Ka'ab al-Ahbar berkata: Tidak ada orang yang akan berkuasa


sebagaimana berkuasanya Mu'awiyah.

Adz-Dzahabi berkata: Ka'ab meninggal sebelum Mu'awiyah menjadi


khalifah, maka benarlah apa yang dikatakan Ka'ab. Sebab Mu'awiyah
menjadi khalifah selama dua puluh tahun, tidak ada pemberontakan
dan tidak ada yang menandinginya dalam kekuasaannya. Tidak seperti
para khalifah yang datang setelahnya. Mereka banyak yang
menentang, bahkan ada sebagian wilayah yang menyatakan
melepaskan diri.
Mu'awiyah melakukan pemberontakan kepada Ali sebagaimana yang
telah disinggung di muka, dan dia menyatakan dirinya sebagai
khalifah. Kemudian dia juga melakukan pemberontakan kepada al-
Hasan. Al-Hasan akhirnya mengundurkan diri. Kemudian Mu'awiyah
menjadi khalifah pada bulan Rabiul Awal atau Jumadil Ula, tahun 41 H.
Tahun ini disebut sebagai 'Aam Jama'ah (Tahun Kesatuan), sebab pada
tahun inilah umat Islam bersatu dalam menentukan satu khalifah. Pada
tahun itu pula Mu'awiyah mengangkat Marwan bin Hakam sebagai
gubernur Madinah.

Pada tahun 43 H, kota Rukhkhaj dan beberapa kota lainnya di Sajistan


ditaklukkan. Waddan di Barqah dan Kur di Sudan juga ditaklukkan.
Pada tahun itu pulalah Mu'awiyah menetapkan Ziyad anak ayahnya. Ini
-menurut ats-Tsa'labi- merupakan keputusan pertama yang dianggap
mengubah hukum yang ditetapkan Rasulullah.
Pada tahun 45 H, Qaiqan dibuka.

Pada tahun 50 H, Qauhustan dibuka lewat peperangan. Pada tahun 50


H, Mu'awiyah menyerukan untuk membaiat anaknya Yazid sebagai
putra mahkota dan khalifah setelahnya jika dia meninggal.
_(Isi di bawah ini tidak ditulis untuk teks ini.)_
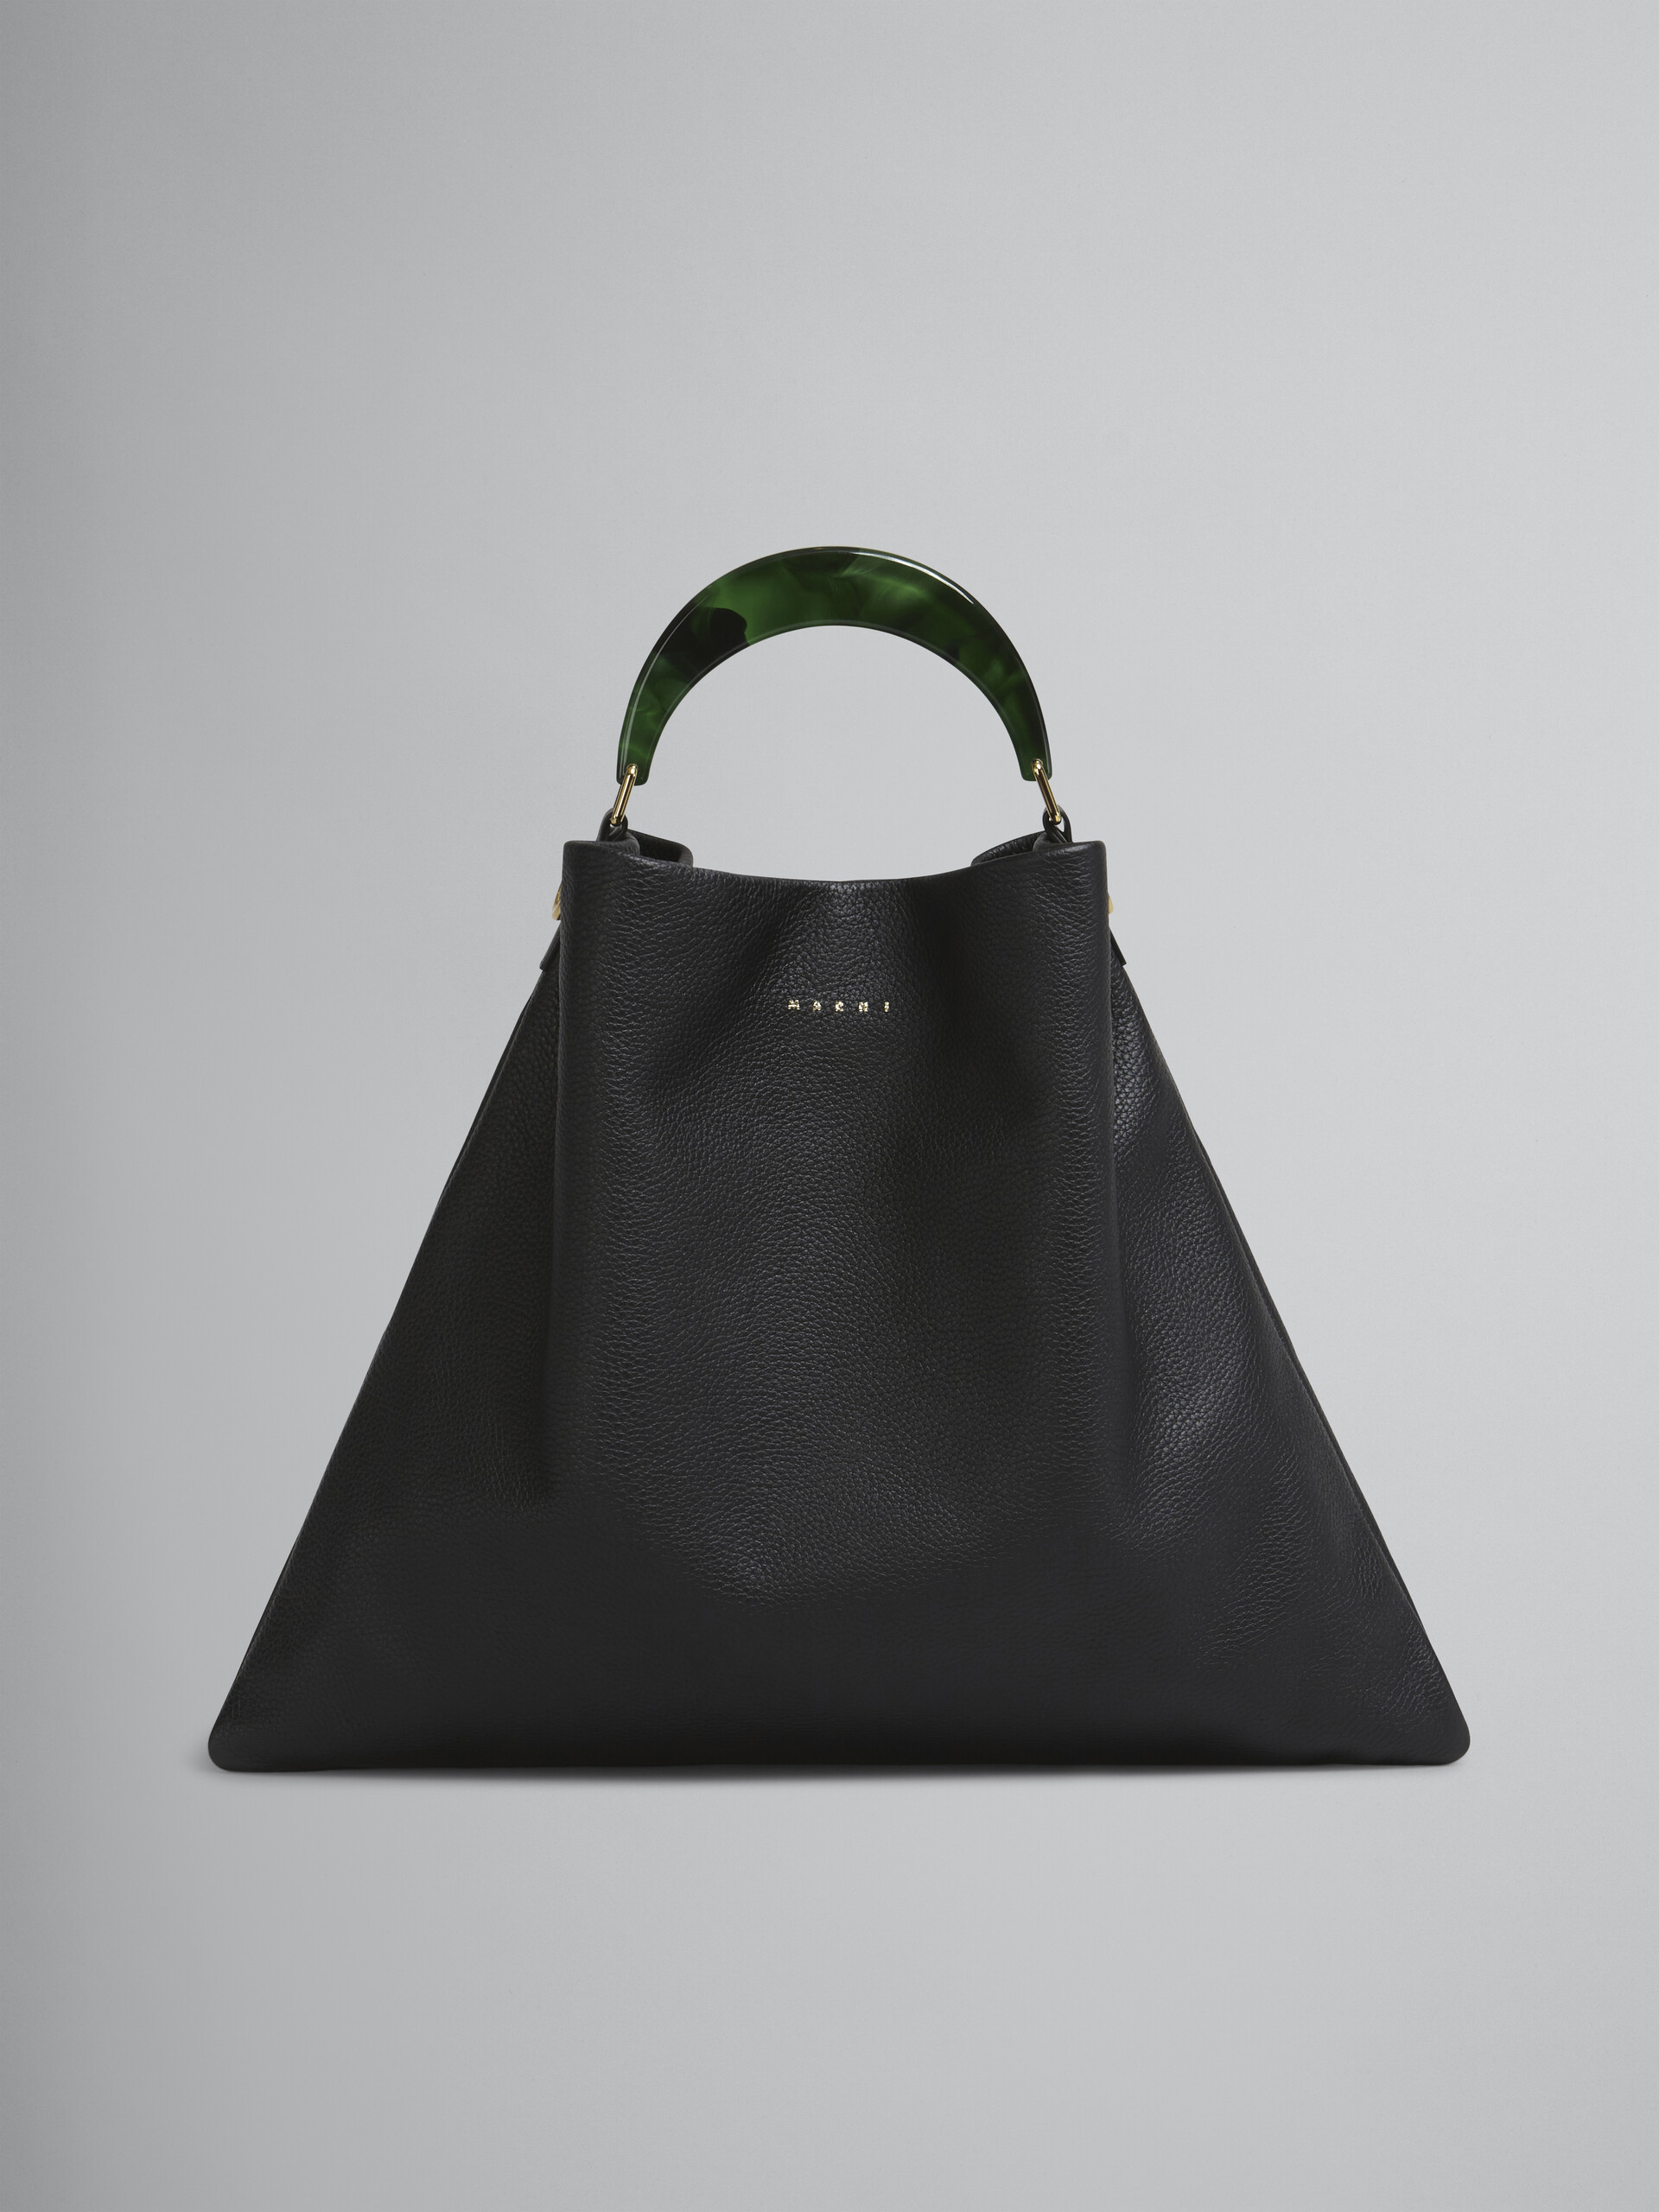 HOBO bag in black grained calfskin and resin handle - Shoulder Bag - Image 1

Mu'awiyah meninggal pada bulan Rajab tahun 60 H. Dia dimakamkan


di antara Bab al-Jabiyyah dan Bab ash-Shaghir. Disebutkan bahwa
usianya mencapai tujuh puluh tujuh tahun. Dia memiliki beberapa helai
rambut Rasulullah dan sebagian potongan kukunya. Dia mewasiatkan
agar dua benda itu di diletakkan di mulut dan kedua matanya pada
saat kematiannya. Dia berkata, “Kerjakan itu, dan biarkan saya
menemui Tuhan Yang Maha Pengasih lagi Maha penyayang!”.

PEMBAIATAN ALI DAN MENCARI PEMBUNUH KHALIFAH UTSMAN


Ali keluar dari rumah Utsman dengan penuh kemarahan terhadap
peristiwa yang terjadi. Sementara itu, orang-orang berlari kecil
mendatangi Ali seraya berkata, "Kita harus mengangkat amir.
Ulurkanlah tanganmu, kami baiat." Ali Menjawab, "Urusan ini bukan
hak kalian, tetapi hak para pejuang Badar. Siapa yang disetujui oleh
para pejuang Badar maka dialah yang berhak menjadi khalifah."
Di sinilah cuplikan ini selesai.